C10_REGISTER_CAFFE2_OPERATOR: Macro for registering c2 kernels (pytorch#16548)

smessmer · facebook-github-bot · commit 6750e1e3e995 · 2019-02-07T13:58:14.000-08:00
Summary: Pull Request resolved: pytorch#16548 With this macro, a caffe2 operator can now directly be registered with c10. No need to write custom wrapper kernels anymore. Differential Revision: D13877076 fbshipit-source-id: e56846238c5bb4b1989b79855fd44d5ecf089c9c
diff --git a/aten/src/ATen/core/dispatch/DispatchTable.h b/aten/src/ATen/core/dispatch/DispatchTable.h
@@ -174,7 +174,7 @@ class DispatchTable final {
  private:
   static size_t get_index_of_first_tensor_arg_(const FunctionSchema& schema) {
     for (size_t i = 0; i < schema.arguments().size(); ++i) {
-      if (schema.arguments()[i].type()->isSubtypeOf(TensorType::get())) {  // DynamicType means it's a tensor
+      if (schema.arguments()[i].type()->isSubtypeOf(TensorType::get())) {
         return i;
       }
     }
diff --git a/aten/src/ATen/core/stack.h b/aten/src/ATen/core/stack.h
@@ -52,6 +52,15 @@ static inline IValue pop(Stack& stack) {
   stack.pop_back();
   return r;
 }
+static inline std::vector<IValue> pop(Stack& stack, size_t n) {
+  std::vector<IValue> result;
+  result.reserve(n);
+  for (size_t i = 0; i < n; ++i) {
+    result.push_back(std::move(peek(stack, i, n)));
+  }
+  drop(stack, n);
+  return result;
+}
 
 // variadic pop:
 // int64_t a; at::Tensor b;
diff --git a/c10/util/flat_hash_map.h b/c10/util/flat_hash_map.h
@@ -5,6 +5,7 @@
 // - https://github.com/skarupke/flat_hash_map/pull/26
 // - replace size_t with uint64_t to fix it for 32bit
 // - add "GCC diagnostic" pragma to ignore -Wshadow
+// - make sherwood_v3_table::convertible_to_iterator public because GCC5 seems to have issues with it otherwise
 
 //          Copyright Malte Skarupke 2017.

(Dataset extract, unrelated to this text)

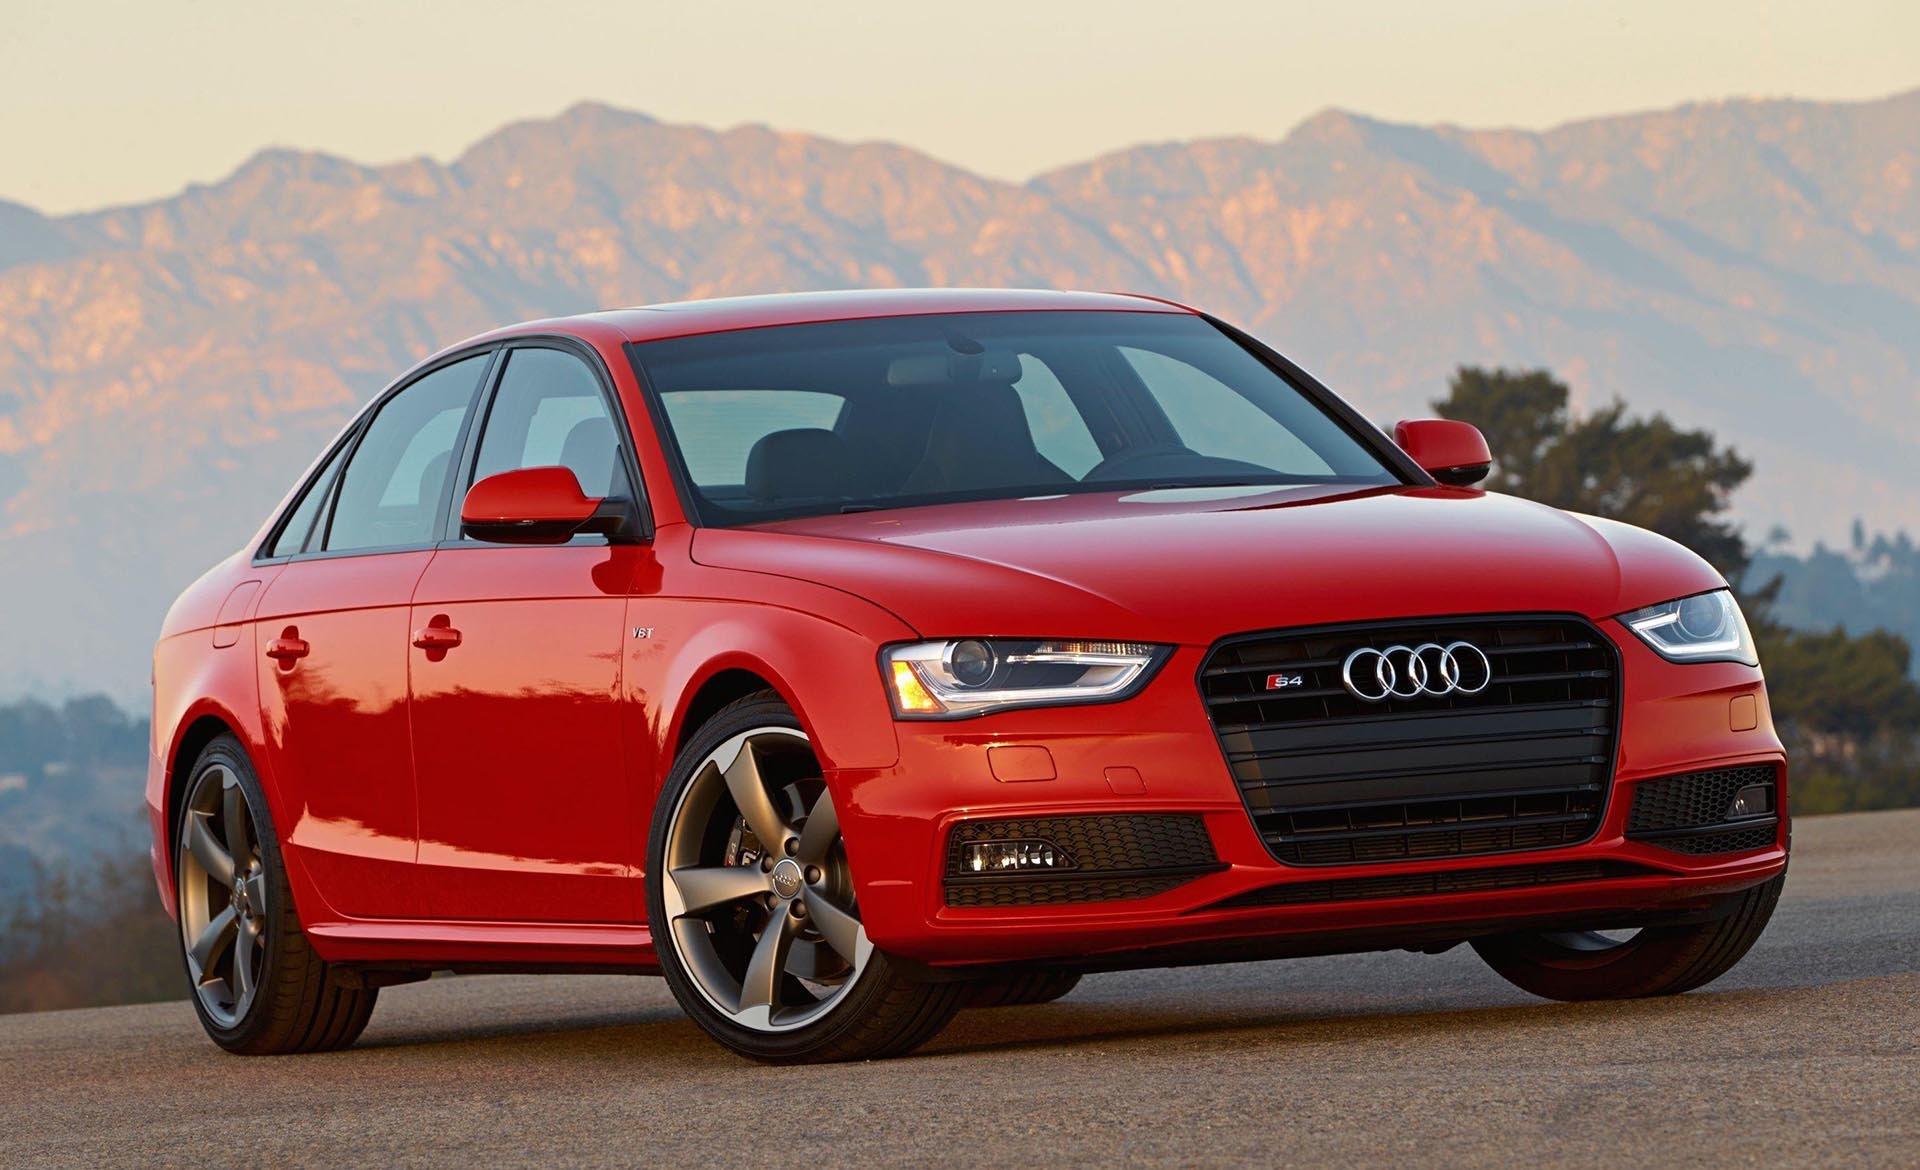 08_Audi B8.5 S4 Front

 // Distributed under the Boost Software License, Version 1.0.
@@ -293,9 +294,9 @@ class sherwood_v3_table : private EntryAlloc, private Hasher, private Equal
     using Entry = detailv3::sherwood_v3_entry<T>;
     using AllocatorTraits = std::allocator_traits<EntryAlloc>;
     using EntryPointer = typename AllocatorTraits::pointer;
-    struct convertible_to_iterator;
 
 public:
+    struct convertible_to_iterator;
 
     using value_type = T;
     using size_type = uint64_t;
@@ -924,7 +925,7 @@ class sherwood_v3_table : private EntryAlloc, private Hasher, private Equal
         return static_cast<Equal &>(*this)(lhs, rhs);
     }
 
-private:
+public:
     struct convertible_to_iterator
     {
         EntryPointer it;
diff --git a/caffe2/core/c10_operator.h b/caffe2/core/c10_operator.h
@@ -0,0 +1,93 @@
+#pragma once
+
+#include <vector>
+#include <ATen/core/dispatch/OpSchemaRegistration.h>
+#include <ATen/core/dispatch/KernelRegistration.h>
+#include <ATen/core/function_schema.h>
+
+namespace caffe2 {
+namespace detail {
+
+template<class Caffe2Operator> const c10::OperatorHandle& c10_op_handle_for_c2_op();
+template <class Caffe2Operator>
+void call_caffe2_op_from_c10(c10::Stack* stack, c10::KernelCache* cache) { // TODO Pass in correct cache type
+  // precondition: on the stack, there's an IValue for each input and an IValue for each output.
+  // The output ones could either be a preallocated tensor or ivalue::None.
+
+  const auto& schema = c10_op_handle_for_c2_op<Caffe2Operator>().schema();
+  const size_t num_outputs = schema.returns().size();
+  const size_t total_num_arguments = schema.arguments().size();
+  const size_t num_inputs = total_num_arguments - num_outputs;
+
+  // TODO Avoid vector allocation. One idea would be to keep the std::vector instances in the cache.
+  auto outputs = torch::jit::pop(*stack, num_outputs);
+  auto inputs = torch::jit::pop(*stack, num_inputs);
+
+  const auto device = at::Device(at::DeviceType::CPU); // TODO Handle GPU devices
+
+  for (auto& output : outputs) {
+    if (output.isNone() || (output.isTensor() && !output.toTensor().defined())) {
+      output = at::Tensor(c10::C10Tensor(caffe2::empty({0}, device)));
+    }
+  }
+
+  std::vector<c10::IValue*> outputPtrs;
+  outputPtrs.reserve(outputs.size());
+  for (auto& output : outputs) {
+    outputPtrs.push_back(&output);
+  }
+
+  Caffe2Operator(schema, std::move(inputs), std::move(outputPtrs)).Run();
+
+  for (auto& output: outputs) {
+    torch::jit::push(*stack, std::move(output));
+  }
+
+  // postcondition: All inputs are cleared from the stack, there's now one
+  //                IValue for each output which holds the result. This
+  //                might reuse one of the preallocated tensors but doesn't have to.
+}
+
+inline c10::FunctionSchema make_function_schema_for_c10(const char* OperatorName, std::vector<c10::Argument> inputs, std::vector<c10::Argument> outputs) {
+  // actual_inputs is the real inputs plus an optional tensor argument for each output.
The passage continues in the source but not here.